Two-time Olympic gold medalist, four-time NBA MVP, actor, and philanthropist, LeBron James, has used his social media presence to speak on the topics he cares about, as well. The basketball phenom has also expressed political criticism, which has set off a barrage of online responses from athletes, politicians, journalists, and fans.
In 2016, the U.S. Women’s National Soccer Team leveraged social media to raise awareness around equal pay with their #EqualPlayEqualPay campaign, while NFL free agent quarterback, Colin Kaepernick, has become the face of today’s athlete protests for declining to stand during the national anthem.
While protests and boycotts followed the Kaepernick ad, Nike is pleased with the overall response, touting higher revenue and record engagement. Still, brands piggybacking off of social action by athlete influencers has drawn in its own ire. Last month, comedian and talk show host, Jim Jeffries, blasted companies for what he dubbed, “pretend wokeness.”
Over the years, athletes have demonstrated their talent for selling products. In the age of social media, athlete influencers are maturing along with the expanding influencer marketing landscape, becoming more strategic about who they partner with and what they promote. Still, a panel conducted by ExpertVoice found that 54% of respondents were concerned about payments that celebrities, athletes, and influencers received for their recommendations.
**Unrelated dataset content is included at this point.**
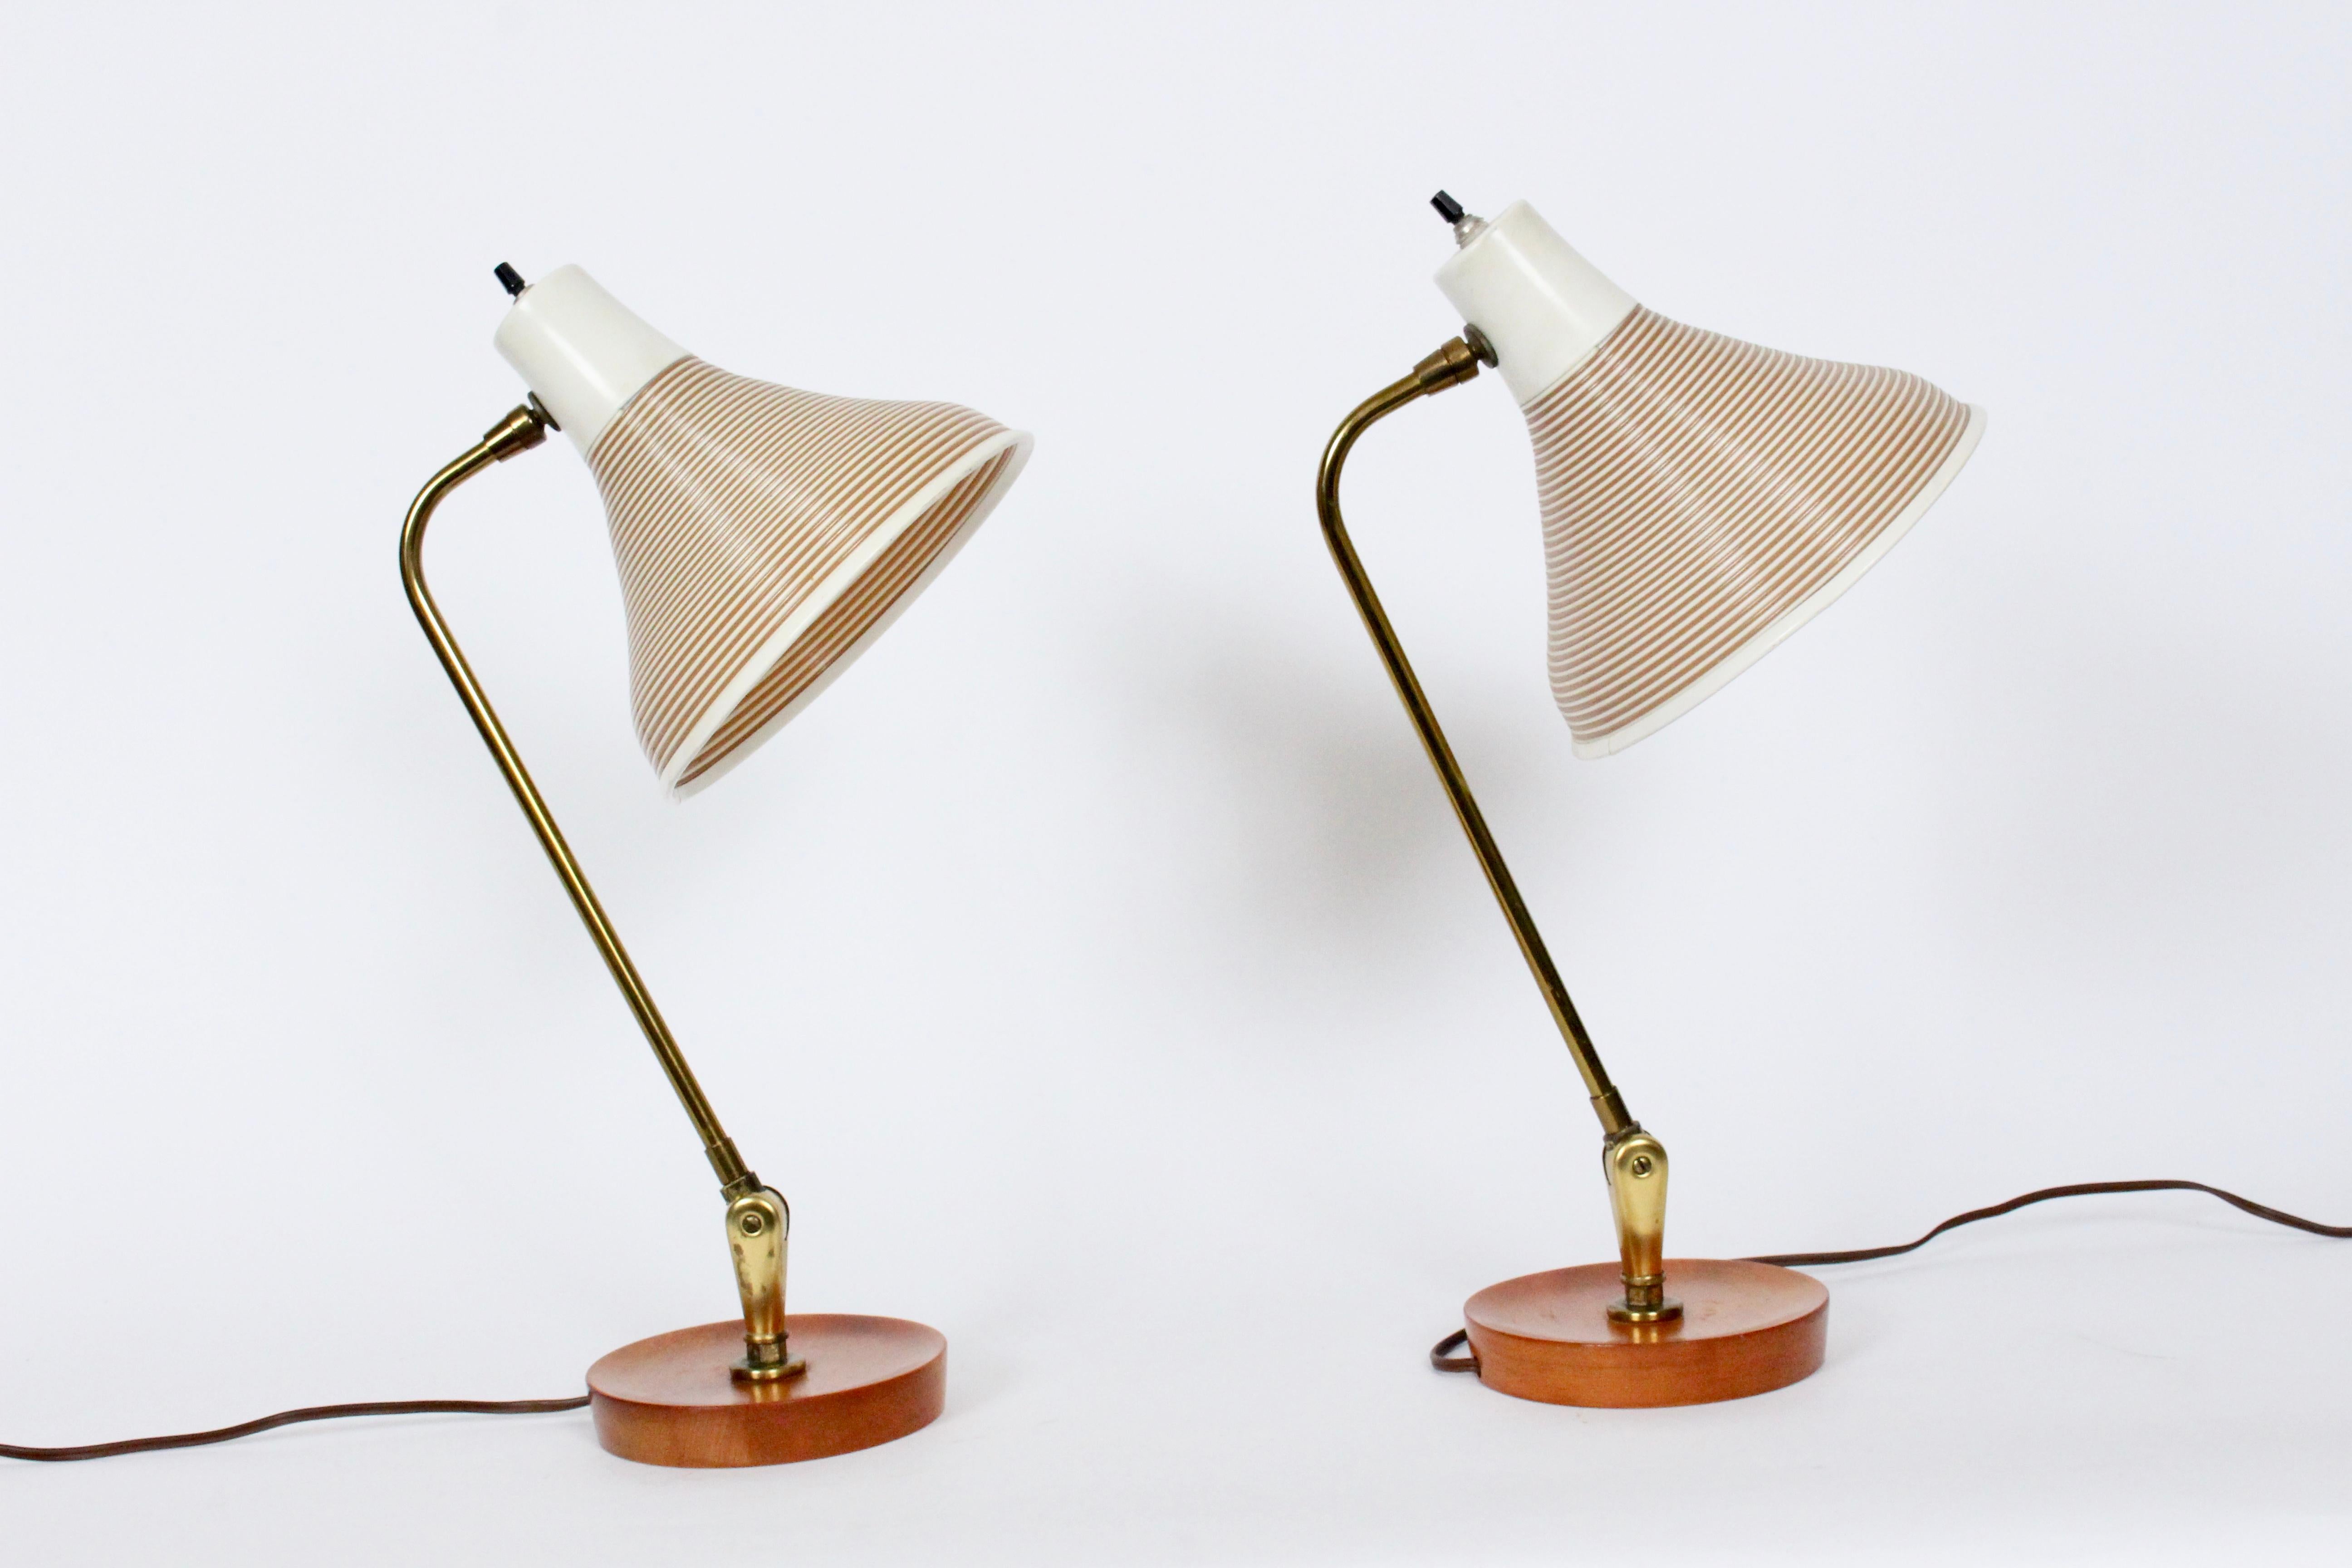 Pair of American Mid-Century Modern adjustable Heifetz Rotaflex Desk Lamps. Featuring original articulating Brass stems, vented Taupe and Off White coiled Rotaflex Bell shades on round, turned Maple, concave candlestick bases and great for holding

Athletes with unsavory online behavior have the power to compromise online sentiment. From poorly produced content to offensive tweets, athlete influencers also have the potential to jeopardize brand safety.
Athletes are more than just players “on the field.” Many are role models, trendsetters, tastemakers, and social influencers. Exposing their authentic selves through social media, athlete influencers have found new ways to engage with people outside of the sporting arena.
Despite the controversies, many athlete influencers resonate with consumers and deliver for brands. Key to creating such buzz relies on factors including budget, marketing goals, brand message and image, and partnering with the right influencers. For companies looking to leverage the power of athlete influencers, a qualified influencer marketing agency can offer insights into the landscape, as well as help craft campaigns from initial concept to final performance reports.